Eventhouse overview
Eventhouses provide a solution for handling and analyzing large volumes of data, particularly in scenarios requiring real-time analytics and exploration. They're designed to handle real-time data streams efficiently, which lets organizations ingest, process, and analyze data in near real-time. These aspects make eventhouses useful for scenarios where timely insights are crucial. Eventhouses provide a scalable infrastructure that allows organizations to handle growing volumes of data, ensuring optimal performance and resource use. Eventhouses are the preferred engine for semistructured and free text analysis. An eventhouse is a workspace of databases, which might be shared across a certain project. It allows you to manage multiple databases at once, sharing capacity and resources to optimize performance and cost. Eventhouses provide unified monitoring and management across all databases and per database.

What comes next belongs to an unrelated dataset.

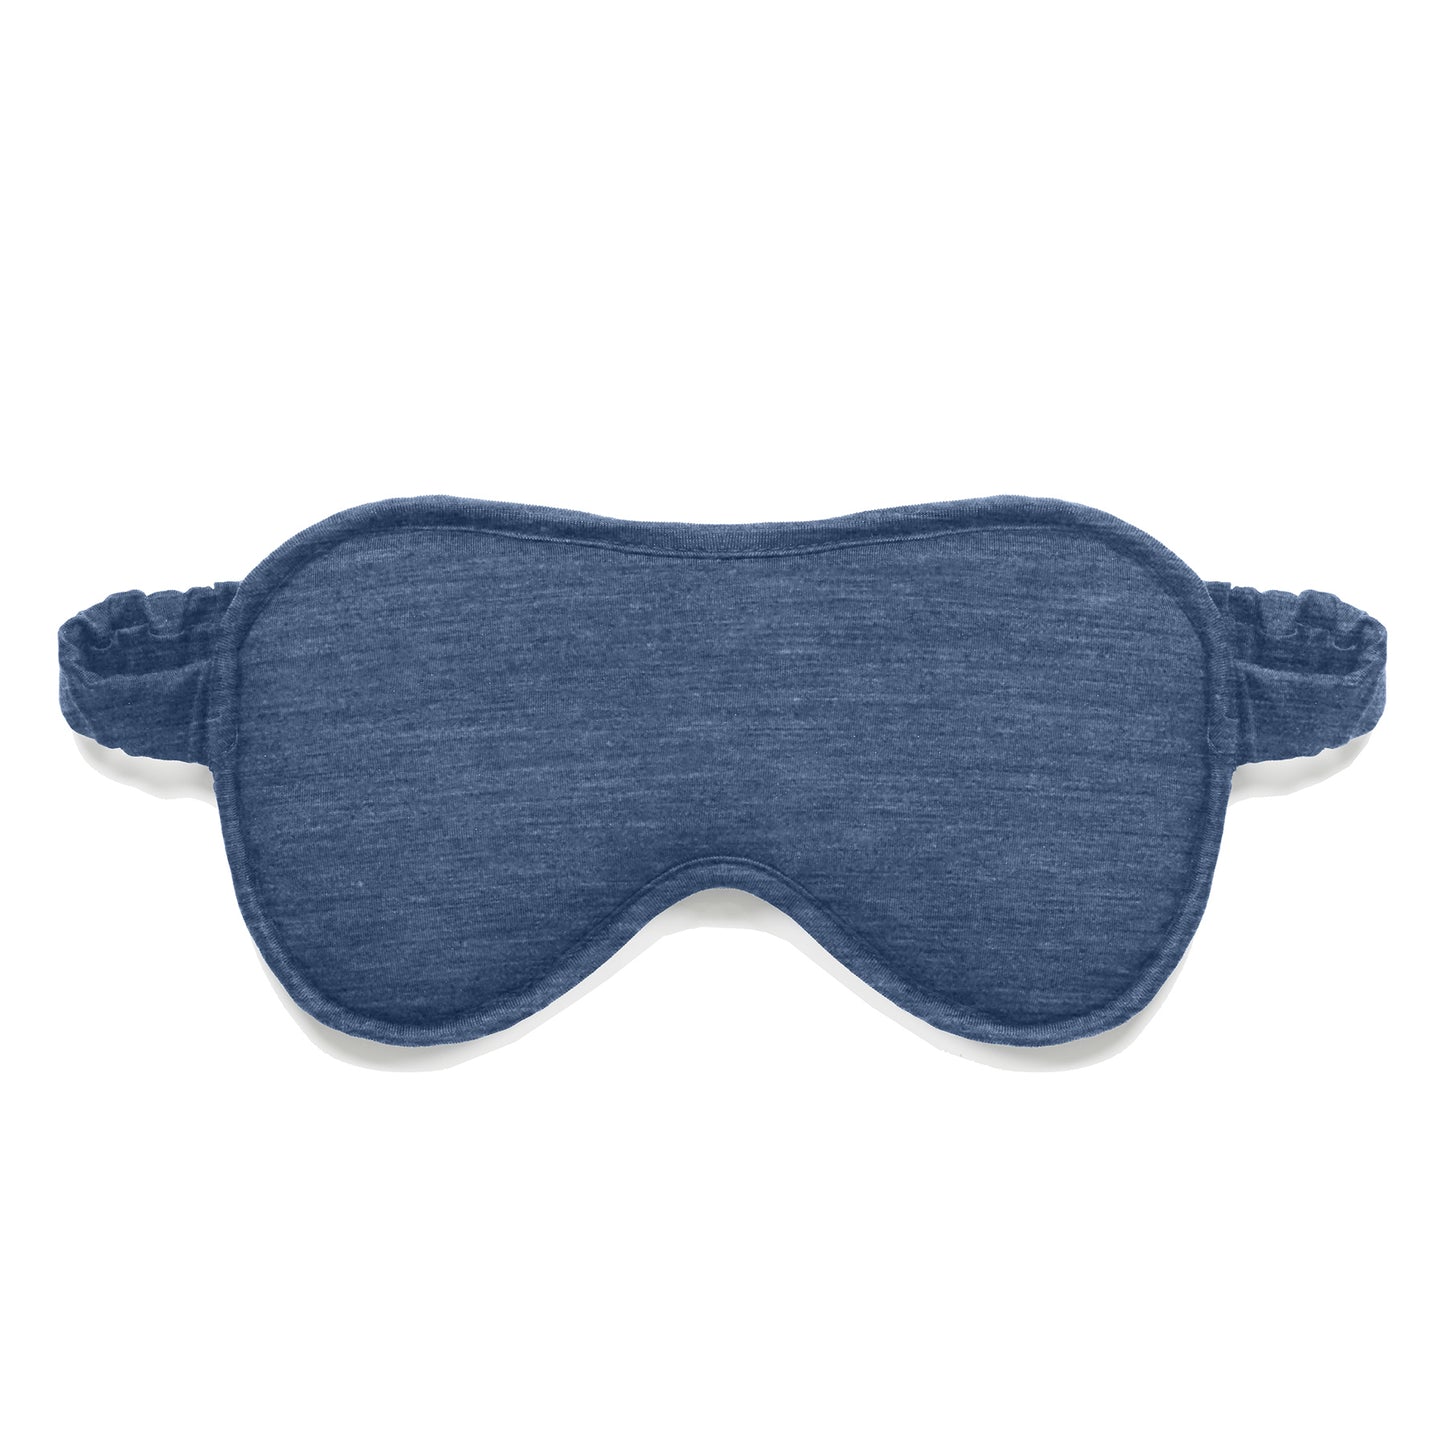 Merino sleep mask || Blue melange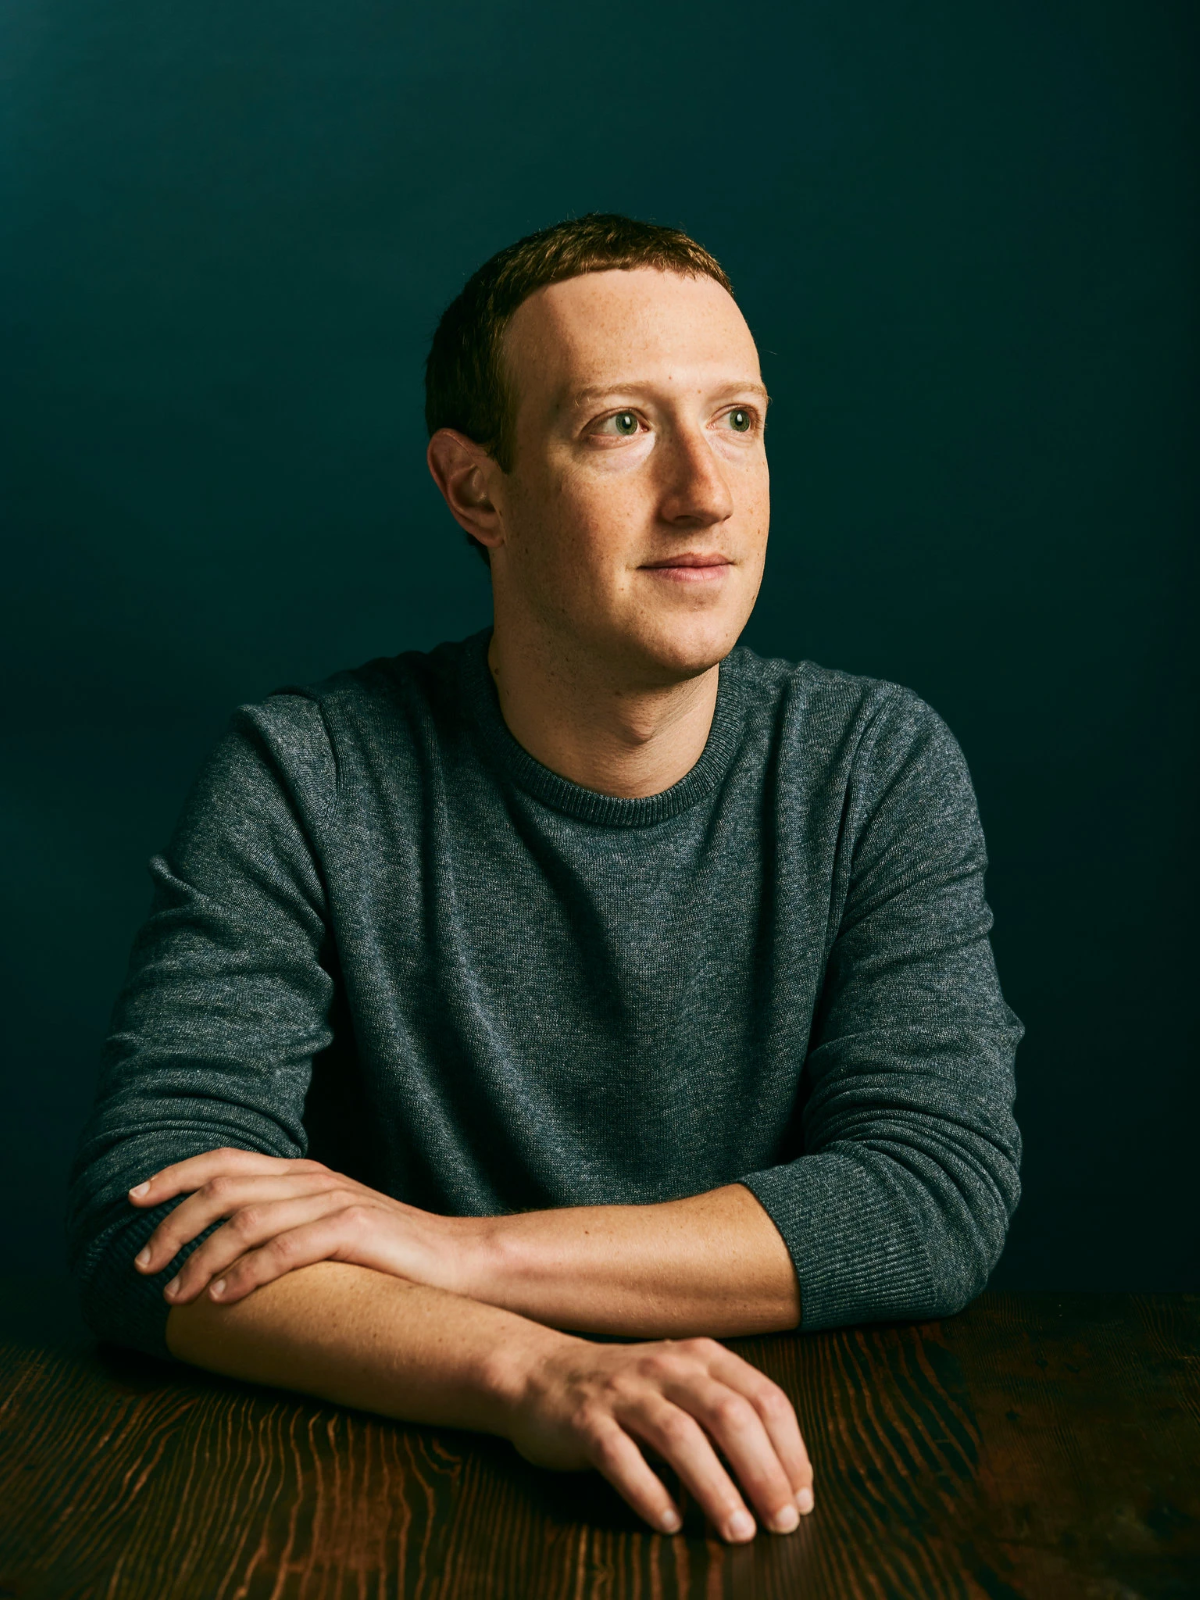 Chief Executive Officer of Facebook, Mark Zuckerberg

Eventhouses are tailored to time-based, streaming events with structured, semistructured, and unstructured data. You can get data from multiple sources, in multiple pipelines (For example, Eventstream, SDKs, Kafka, Logstash, data flows, and more) and multiple data formats. This data is automatically indexed and partitioned based on ingestion time.
When do I create an eventhouse?
Use an eventhouse for any scenario that includes event-based data, for example, telemetry and log data, time series and IoT data, security and compliance logs, or financial records.
You can create a KQL database within an eventhouse. The KQL database can either be a standard database, or a database shortcut. An exploratory query environment is created for each KQL Database, which can be used for exploration and data management. Data availability in OneLake can be enabled on a database or table level.
What information do I see in an eventhouse?
The system overview page of an eventhouse shows you the following information:
- Eventhouse details
- Running state of the eventhouse
- OneLake storage usage
- OneLake storage usage by database
- Compute usage
- Compute usage by user
- Most active databases
- Recent events
For more information, see View system overview details for an eventhouse.
The databases page of an eventhouse shows you database information either in list or tile view. The following information about each database is displayed in tile view:
- Database name
- A graph of queries that were run over the past week
- Data size
- Caching policy
- Retention policy
- Last ingestion date
Minimum consumption
Your eventhouse is designed to optimize cost by suspending the service when not in use. When reactivating the service, you might encounter a latency of a few seconds. If you have highly time-sensitive systems that can't tolerate this latency, use Minimum consumption. This setting enables the service to be always available, but at a selected minimum level. You pay for the minimum compute level you select, or your actual consumption when your compute level is above the minimum set. The specified compute is available to all the databases within the eventhouse. A limited premium storage is included in the service, and corresponds to the minimum consumption levels shown in the following table:
Name | Minimum CUs | SSD capacity (GB) of free storage |
---|---|---|
Extra extra small | 4.25 | 20 |
Extra small | 8.5 | 200 |
Small | 13 | 800 |
Medium | 18 | 3500-4000 |
Large | 26 | 5250-6000 |
Extra large | 34 | 7000-8000 |
Extra extra large | 50 | 10500-12000 |
For instructions on how to enable minimum consumption, see Enable minimum consumption.